The Sunday News
Dumisani Nsingo/Clinton Moyo, Farming Reporters
THE Government has distributed over 20 000 tonnes of soya bean seed for cropping under the Command Agriculture Programme aimed at enhancing production of the crop as it moves to curb imports.
Lands, Agriculture and Rural Resettlement Deputy Minister Davis Marapira said some of the beneficiaries of inputs under Command Soya Production have started cropping.
“We have distributed more than 20 000 soya bean seed to beneficiaries of the Command Soya Production Programme and those at irrigation schemes started cropping in November while others started doing so at the beginning and mid-December while others are in the process of doing so. In actual fact more than 60 percent of the beneficiaries have started cropping,” Deputy Minister Marapira said.
The country is looking forward to increasing its soya bean output for the 2017/18 season to 60 000 tonnes buoyed by the introduction of the Command Agriculture and Presidential Input schemes.
The target for the 2018/19 season has been pegged at 100 000 being achieved through the involvement of the private sector led value chain expansion which would be supported by Government programmes.

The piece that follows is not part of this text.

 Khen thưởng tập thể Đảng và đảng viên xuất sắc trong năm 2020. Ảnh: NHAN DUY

These include contract farming, joint-venture farming, smallholder farmer education and development.
Soya production has drastically fallen from 180 000 tonnes in 2001 to 30 000 tonnes in 2016 with oil output of 30 600 tonnes and 5 100 tonnes respectively.

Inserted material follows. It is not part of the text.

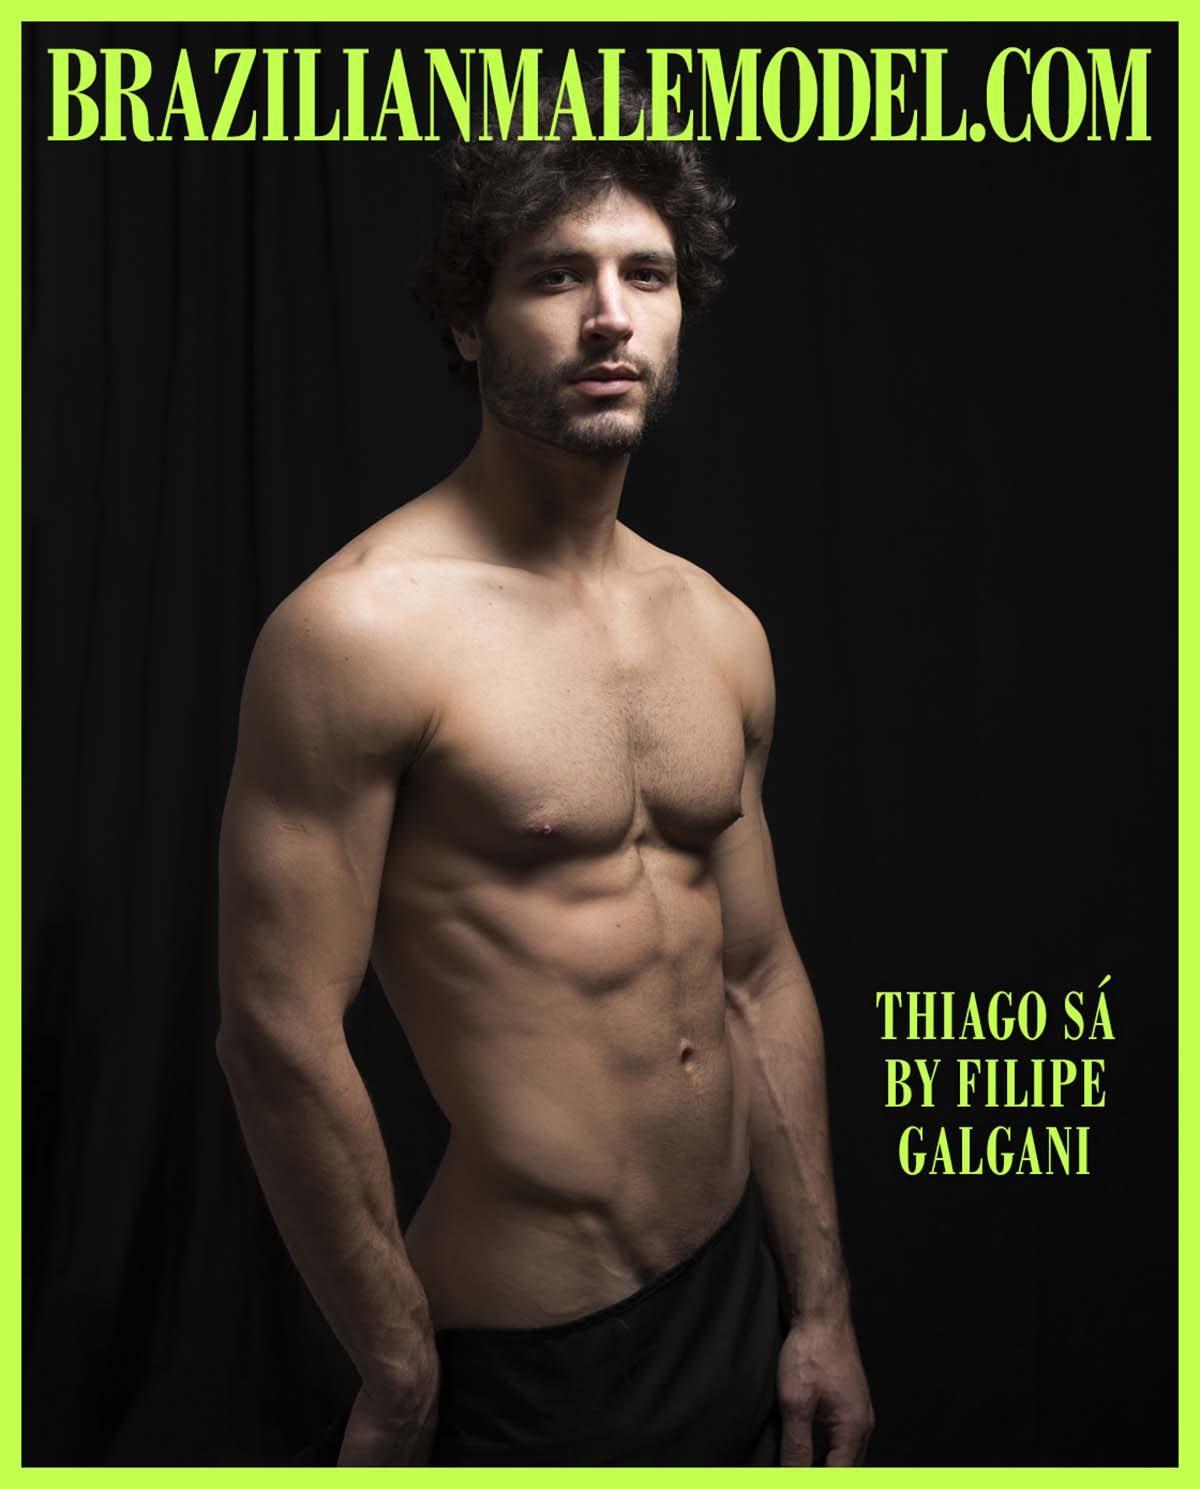 Thiago Sá by Filipe Galgani

The cooking industry has indicated that it needs a supply of about 240 000 tonnes of soya beans a year to curb imports. The industry is struggling to meet the country’s cooking oil demand of 10 000 tonnes per month.
Last year, crude soya bean imports amounted to about $120 million and in 2016 they exceeded $72 million.
Masvingo Department of Agricultural Technical and Extension Services (Agritex) provincial officer Mr Peter Chamisa said the province has set aside 1 000 hectares for soya beans cropping.
“In Masvingo we have done the first phase of assessment. The land we have set aside for soya beans is 1 000 hectares and the window period has been closed,” he said.
“I am still new in the office but last year I doubt that we had any soya beans produced here.”
Matabeleland North provincial Agritex officer Mr Dumisani Nyoni said preparations for soya bean cropping had begun.
“Right now I can’t say how much we have targeted because farmers have their own target and we (Agritex) have our own target. We are yet to assess how things are on the ground and see how much has been taken by soya beans so far . . . ,” said Mr Nyoni.